BRIEF DESCRIPTION OF THE DRAWINGS
[0064] The invention will be described in more detail hereinafter
with reference to examples of embodiment but to which the invention
is not limited.
[0065] FIG. 1, FIG. 3 to FIG. 12 illustrate devices for processing
an audio signal according to exemplary embodiments of the
invention.
[0066] FIG. 2 illustrates a diagram describing a functional
principle of a device for processing an audio signal according to
an exemplary embodiment of the invention.

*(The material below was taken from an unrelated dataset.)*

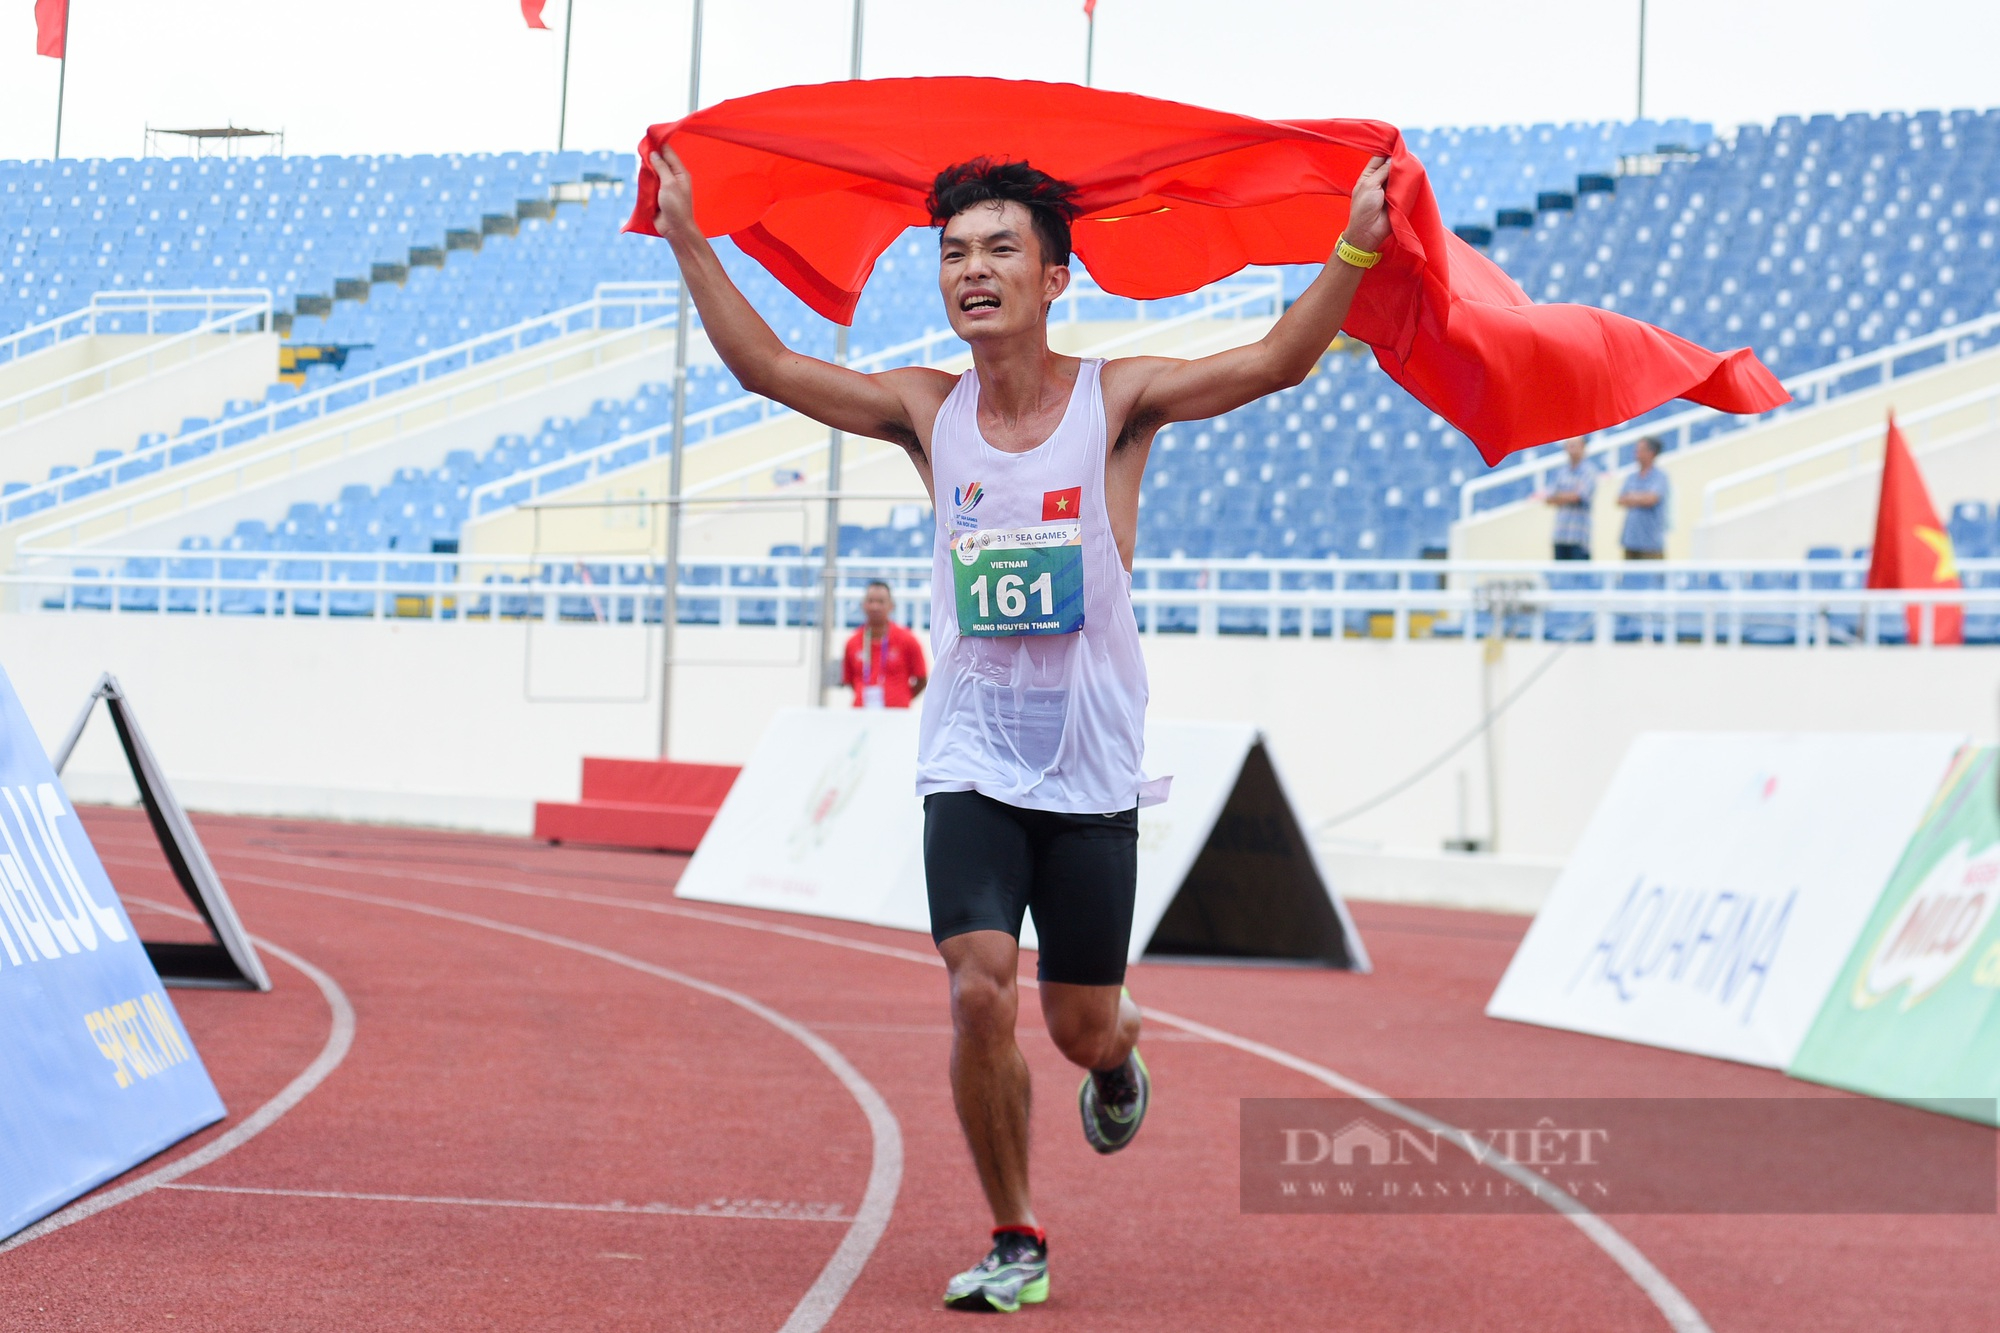 Hoàng Nguyên Thanh giành tấm HCV lịch sử cho marathon Việt Nam sau khi vượt qua 42,195km - Ảnh 5.

DESCRIPTION OF EMBODIMENTS
[0067] The illustration in the drawing is schematically. In
different drawings, similar or identical elements are provided with
the same reference signs.
[0068] In the following, referring to FIG. 1, a device 100 for
processing an audio signal 101 according to an exemplary embodiment
of the invention will be explained.
[0069] The device 100 comprises an audio data source 111, for
instance a CD, a harddisk or even a wired or wireless connection to
a remote source, for instance in the context of digital
television.
[0070] Audio data 101 to be reproduced by the device 100 are
transmitted to a control unit 109, which may be a CPU (central
processing unit). The CPU 109 has processing capabilities and is
capable of processing the audio signal 101 to prepare it for
reproduction.
[0071] The CPU 109 is in bidirectional communication with an
input/output device 110 that allows a user to control the entire
system 100. The input/output unit 110 may comprise a display unit
like a liquid crystal display, a plasma device or even a cathode
ray tube. Furthermore, input elements may be provided at the
input/output device 110, like a keypad, a trackball, a mouse, a
joystick or even a microphone of a voice recognition system. A user
may initiate playback of an audio piece stored on the CD 111 by
providing the CPU 109 with corresponding control commands.
[0072] Based on these control commands, the audio data 101 are
transmitted from the CD 111 to the CPU 109 for processing. The
selected audio data 101 is then reproduced by a loudspeaker 107,
thereby generating acoustic waves 108 that can be perceived by an
ear 106 of a human listener shown schematically in FIG. 1.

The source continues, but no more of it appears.